LB loosed a sigh. That had been his exact plan, to wait with Quincy for
Pedro 2
. Wally had leaped to it before he could say anything.

This was vintage Wally. The man had a nose for credit, what would get him noticed and promoted from captain to major fastest. Staying on the ground in unfriendly territory to assist the evac of a local family would make a nice little act of selfless courage, good reading in the paperwork afterward. LB was a first sergeant, not bucking for more. PJs weren’t officers; CROs were. LB was going to stay a pararescueman. He wanted to wait for
Pedro 2
so he could
stretch out for the ride back, that was all. But now that Wally had laid claim to the second chopper, LB made a plan. He considered it a game, like chess, to thwart Wally. Not because the man wouldn’t make a respectable major. Wally was a stickler and too good-natured by half, but a fine officer. Wally had guts and skills. LB just liked opponents, and Wally so often made himself one.

Jamie and Quincy herded the family under
Pedro 1
’s accelerating prop. The pilots intended to take off the instant everyone was on board. Turbulence from the squall was already cascading down the mountains towering above Rubati Yar. The teacher stayed back with the village elders and others who’d gathered by the stream. They grabbed their hats as the winds from the storm and copter built.

The valley grew noisy as
Pedro 2
neared.
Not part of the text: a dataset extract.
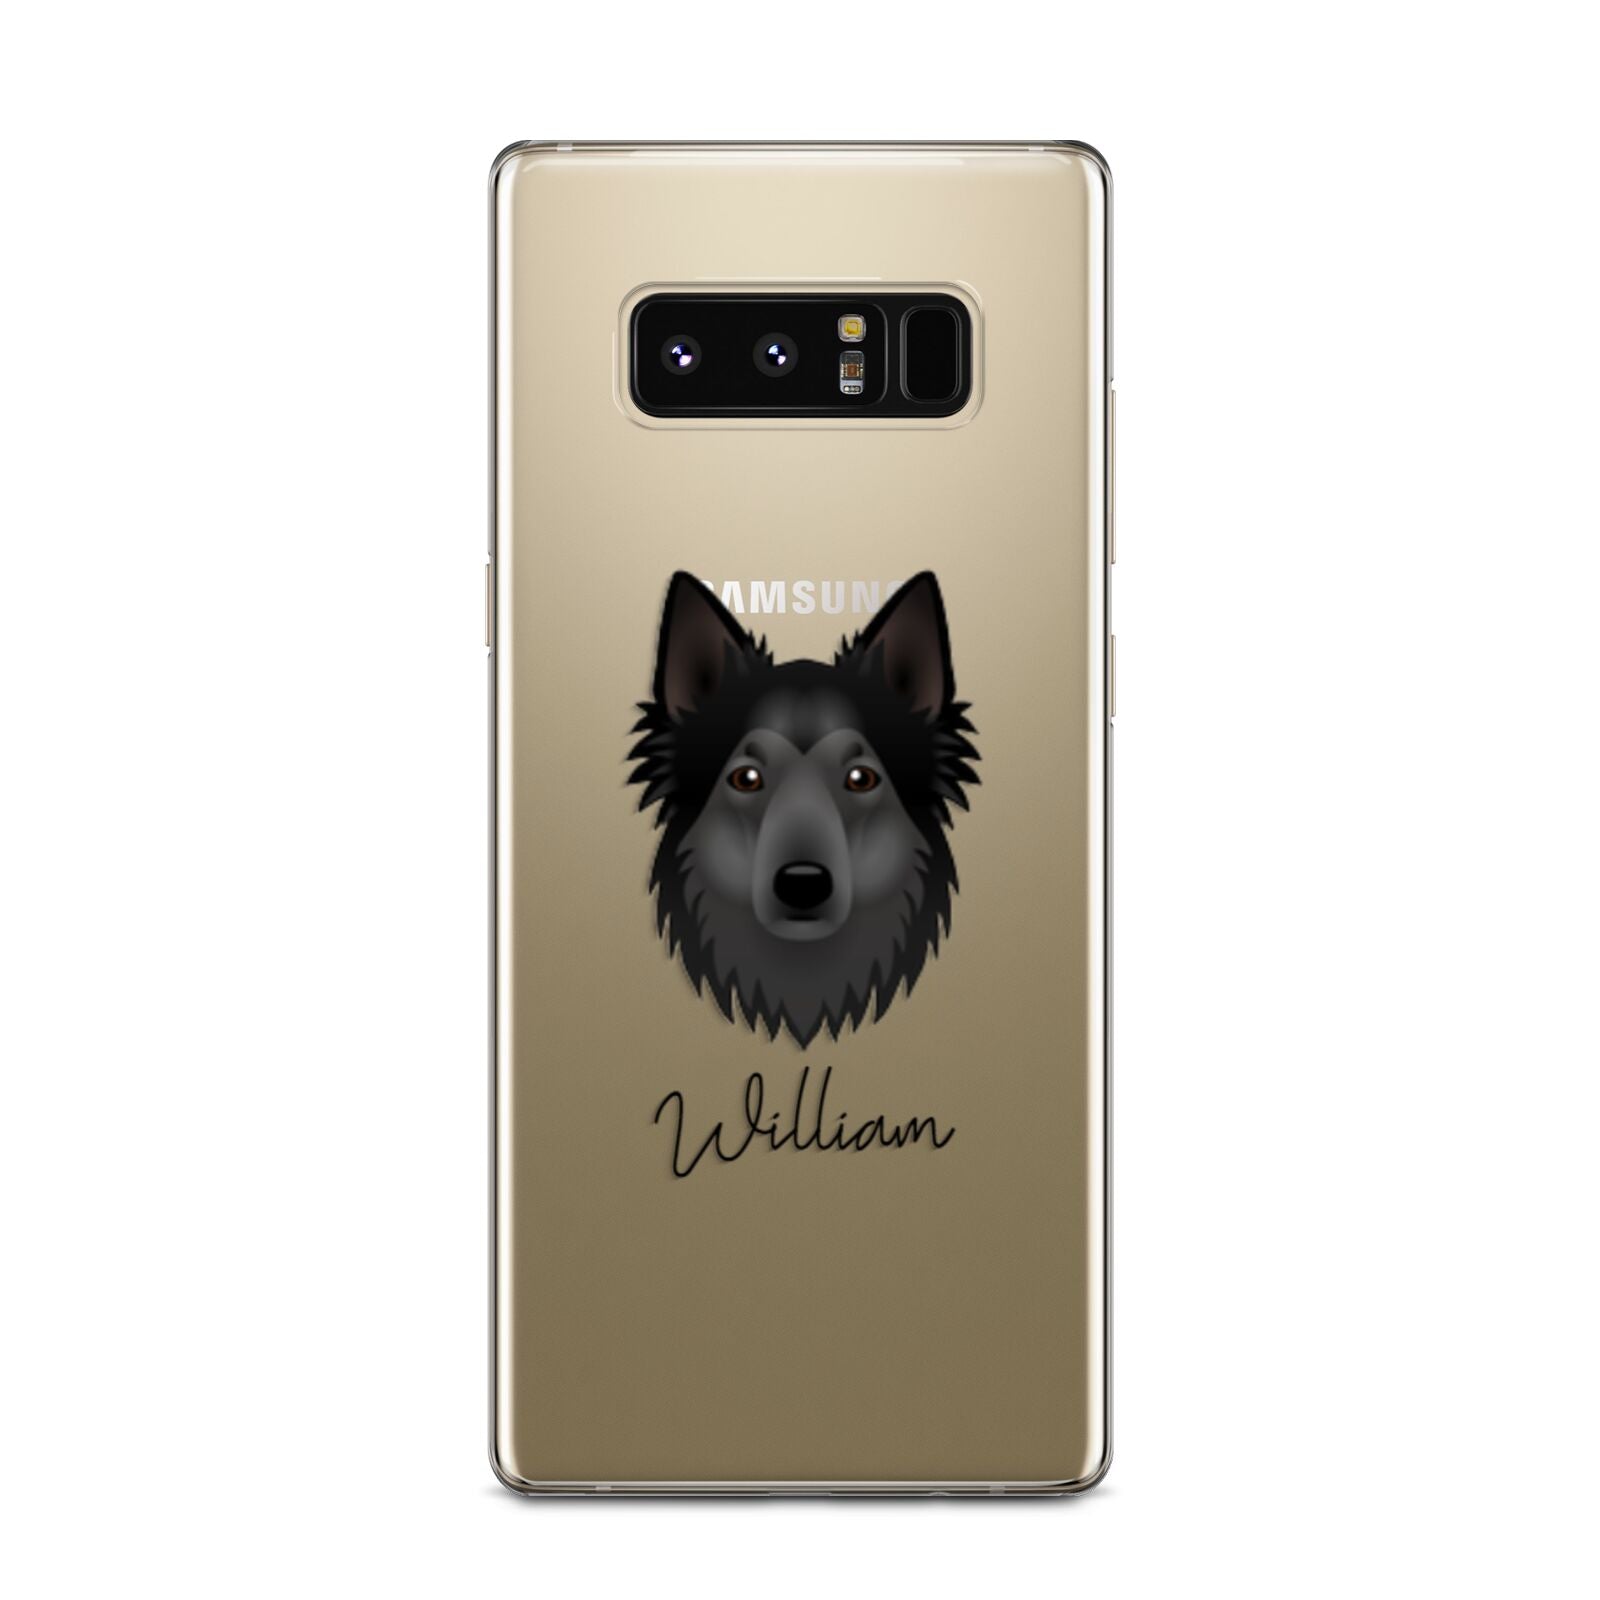 Shollie Personalised Samsung Galaxy Note 8 Case

High above,
Ringo 53
droned, circling. Both copters were going to need refueling soon.
Pedro 2
closed to a hundred yards from the stream and slowed, showing its belly, waiting for
Pedro 1
to clear.

Because the boy would be taken off the chopper first at Bagram, he needed to be loaded in last. LB pointed for the father to climb on. Jamie and Doc followed, to help the mother and pregnant daughter climb on. Concern for his two sick kids and the approaching storm had convinced the father to make an exception for these American soldiers touching his females. Last, Jamie lifted the old man into the bay by himself.

LB shouted, “Start strapping ’em in,” and Jamie and Doc began strapping gunner’s belts around the Afghans to anchor them to the floor.